許大海一直都想整幾條獵狗。
尤其是雪融化之后,山里邊兒動物的腳印兒就沒有了,想打到好獵物更要依賴獵狗的嗅覺。
至于獵狗吃的多……
就憑他家現在的富裕程度,養幾條獵狗還是非常輕松的。
來到榮成林家,喊了幾聲后榮成林就出來了。
“林哥,你大舅子王愛國要賣狗!?”中午的風還有些燥熱,微微吹動著許大海的頭發。
中午的時候氣溫要高一些,但是一早一晚的還是要穿長袖長褲。
天空湛藍,遠山蒼翠,生機勃發,連屯子里的路邊兒,房前屋后犄角旮旯的地方都長滿了雜草。
婆婆丁在開著黃花,有蝴蝶上上下下的飛舞著,還有一只只小螞蚱奶兒蹦蹦跳跳的,偶爾啃幾口草葉子。
“是啊,他那槍法爛的稀碎,總打不著啥東西,四條獵狗光吃飯就要吃好多,他天天和他媳婦兒吵架,就不打算養了。”
“行啊,那他打算多少錢賣呢?”
“這個,可能要你去和他談談。”榮成林右胳膊上讓跳蚤咬了一個大包,邊撓著胳膊邊說道
“我和你一塊兒去,也幫著你砍砍價兒。該說不說的,那四條獵狗要是在跟著王愛國,離廢了也就不遠了。

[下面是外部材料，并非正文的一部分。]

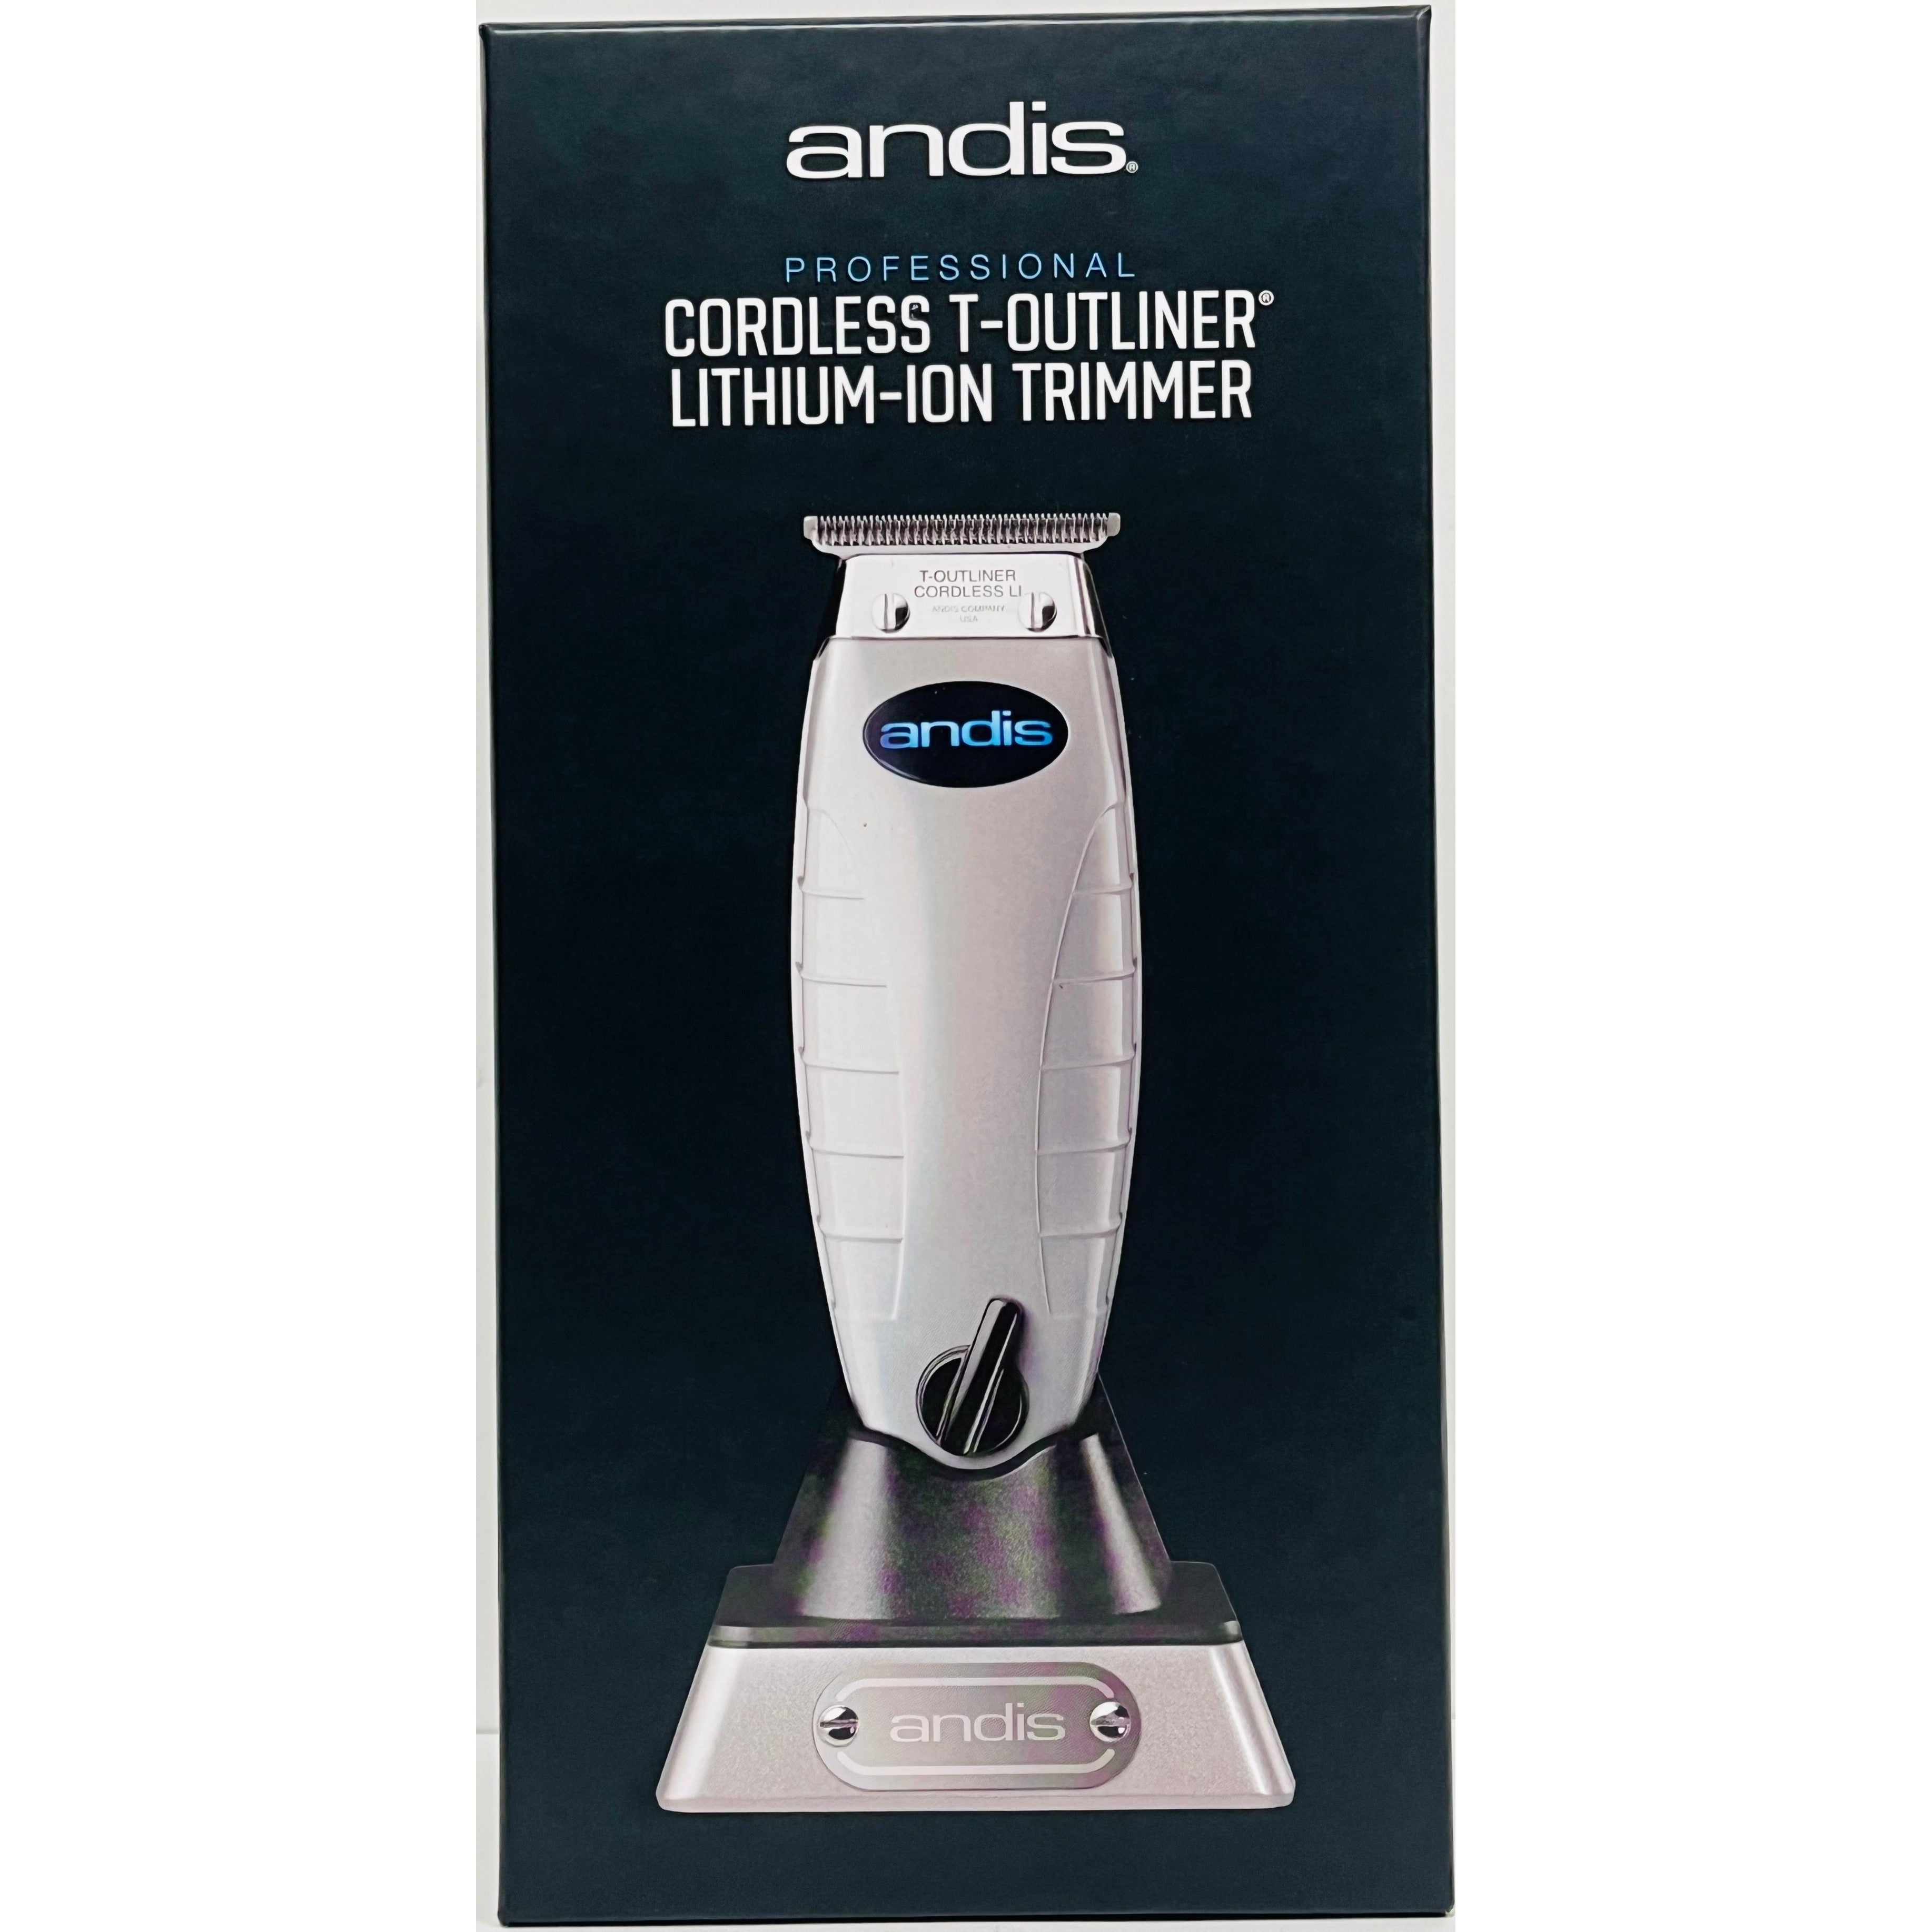 Andis 74000 Professional Cordless T-Outliner Li-Ion Trimmer Dual Voltage NEW

他舍不得喂,還經常無緣無故的打狗……整的那四條狗子啊,哎~我都不知道說啥好了。”
許大海的眉頭緊緊的皺起來,情況似乎比他想象的還要嚴重。
“吃了午飯咱們就過去,免的夜長夢多。”
“行啊,就按你說的辦。”
吃過午飯后,這些天一直睡午覺的許大海也不睡覺了,帶上錢,給車子打好氣兒,騎著二八大杠就去和榮成林匯合。
這輛二八大杠換過車胎,又給車鏈子搭過油,非常好騎。
一開始的山路可以騎著走,來到松花江岔道邊兒上,就要坐船去對面。
一人過一次河要1毛錢。
嘩嘩嘩~
船槳撥動著河水,小木船慢慢的向對岸劃去,藍藍的天空中飄著幾朵白云,偶爾有鳥兒成群結隊的飛過。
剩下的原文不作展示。